At the lab, I research teacher-less learning models that will help solve the aforementioned problem of disparity. The model I study, the variational autoencoder, upon looking at just raw data learns something like two dictionaries – the first allows for data to be translated from an idea that is understandable to us into something concise and understandable for a computer, while the second does the reverse. Researchers now believe that simple and straightforward data concepts will allow for the efficiency of machine-learning algorithms to be improved.

#### Anton Rodomanov, Research Assistant

My academic interests centre on stochastic optimization. The majority of researchers in our lab are focused on thinking up mathematical models (and very complex ones at that), the main goal of which are to translate a specific practical task from human language into the language of mathematics. The resulting mathematical problem can then be solved with the help of purely mathematical methods. In most cases, the mathematical problem is a problem of optimisation, and this problem requires new and effective methods in order to be solved. The development of these new methods is exactly what I work on.

Actually, the development of mathematical models and the development of corresponding optimisation methods are closely related. On the one hand, without an effective optimisation method, the resulting mathematical model would be more or less useless. On the other hand, the new mathematical models that need to be optimised are in turn a unique ‘engine of progress’ in the optimisation. New models motivate optimisation researchers to look for new tasks and to think up new methods that can effectively solve these new problems (or, conversely, to prove that it is impossible to think up such methods).
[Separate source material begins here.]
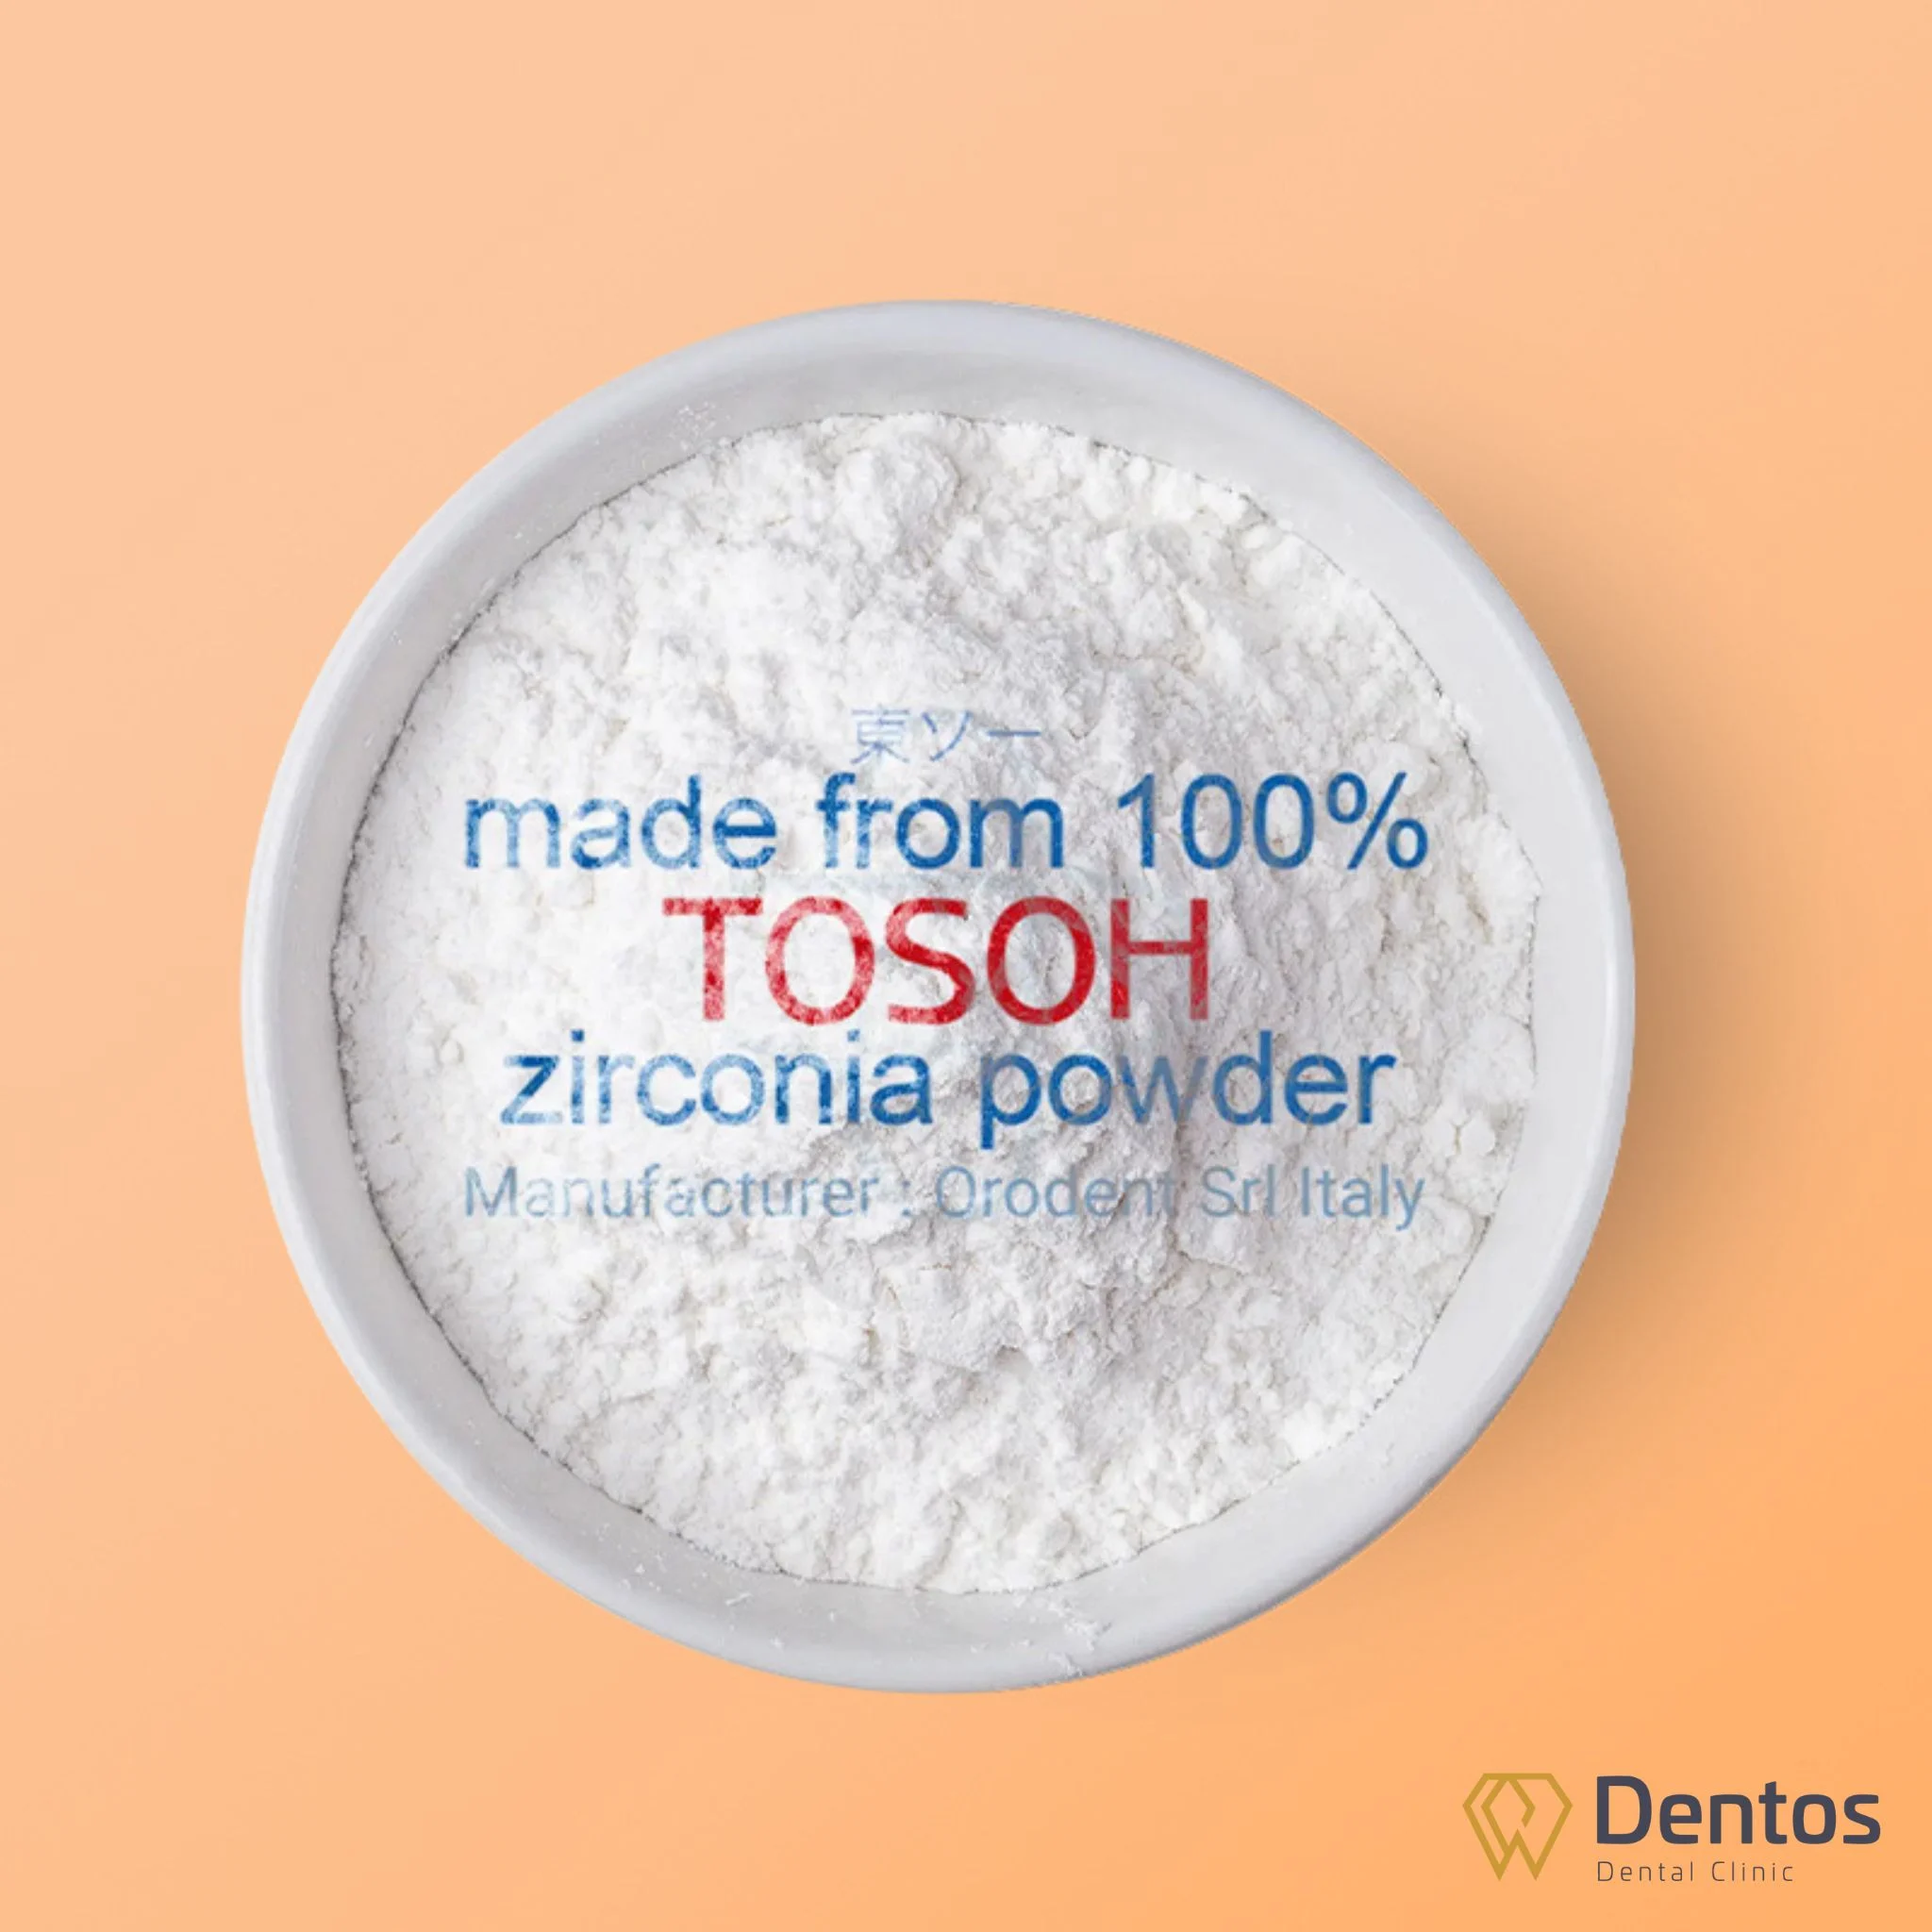 Răng sứ Orodent được chế tác 100% từ bột sứ Zirconia cao cấp của tập đoàn Tosoh Nhật Bản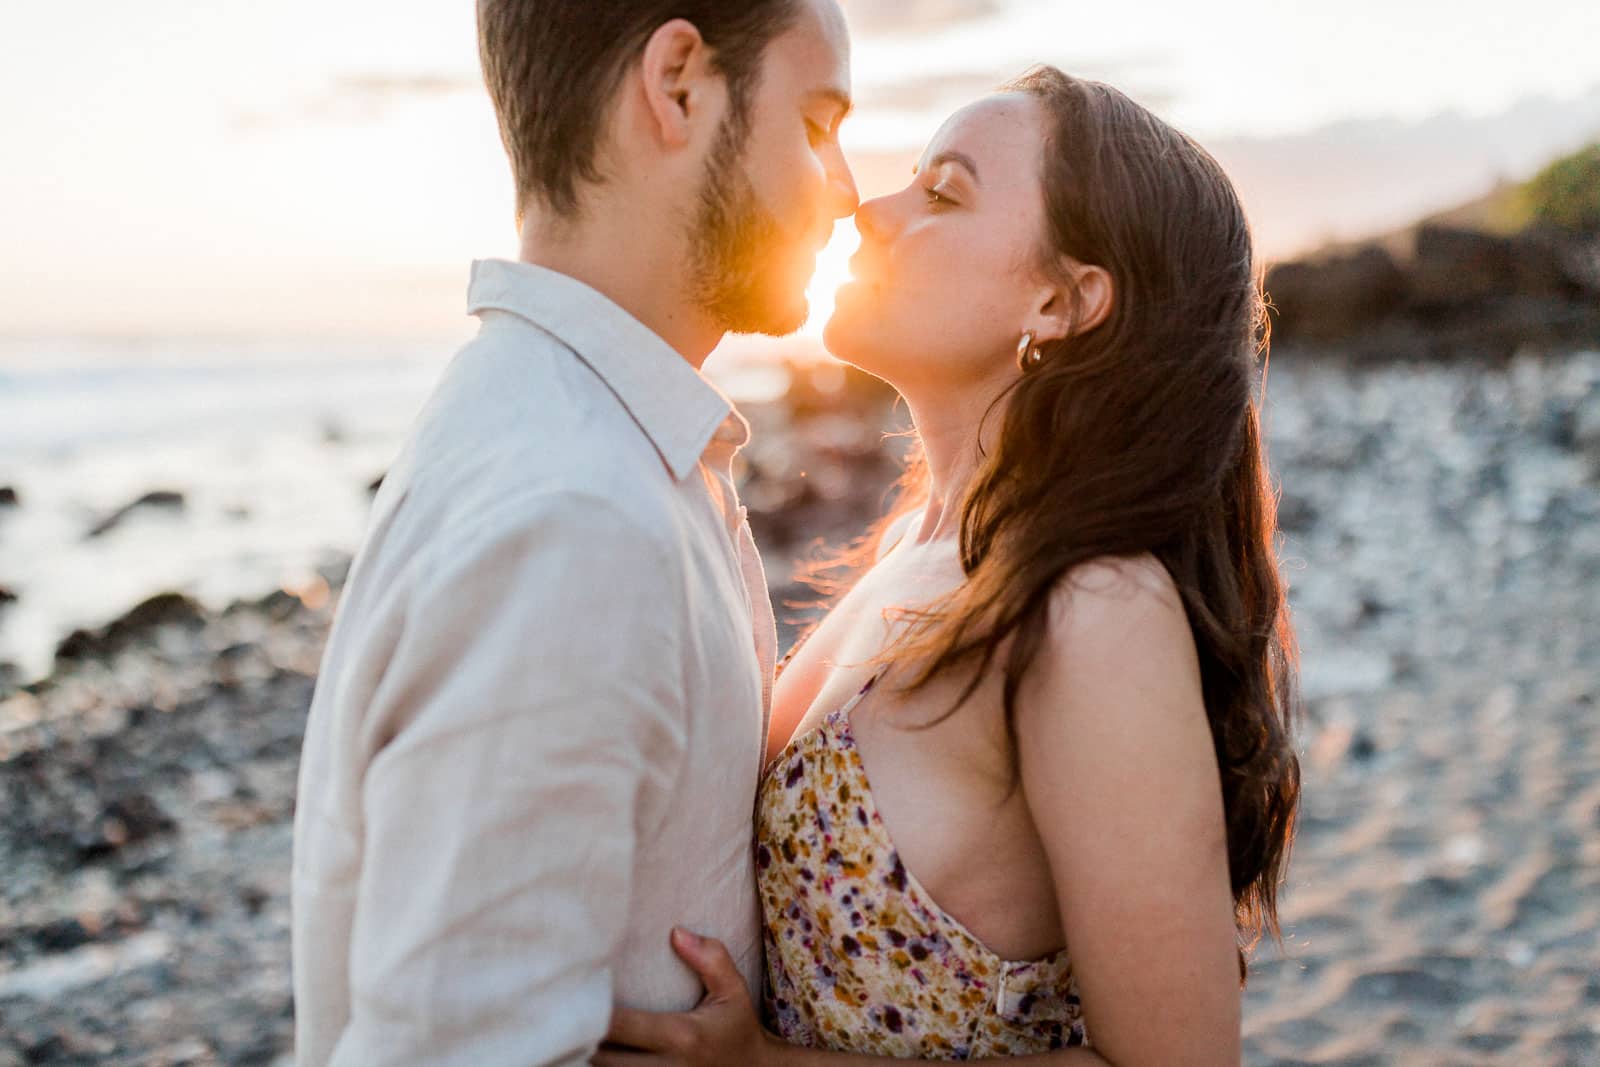 Photographie de Mathieu Dété, photographe de mariage et de couple à Saint-Joseph sur l'île de la Réunion 974, présentant un couple s'embrassant devant le soleil couchant à Petite Ile

#### Nadezhda Chirkova, Manager

Everything we do serves as building blocks in the larger task of creating AI technologies. Any significant progress, whether it’s high-quality algorithms for image recognition or a computer that can beat a human at a game of Go, stems from the achievements of researchers all over the world. Every article that is published relies on the stack of previous works. For example, I am currently working on a project to automatically select hyperparameters in machine-learning language models. The idea behind the project is to further decrease the amount of work a person has to do to build a high-quality model for his or her body of texts. You could say that I’m bridging together two different developments – the results our own research group has achieved and the approach that researchers use at Cambridge. Similar solutions, if they are successful when tested on various problems, are usually integrated into popular machine-learning libraries in order to make it easier for developers and researchers to use these tools.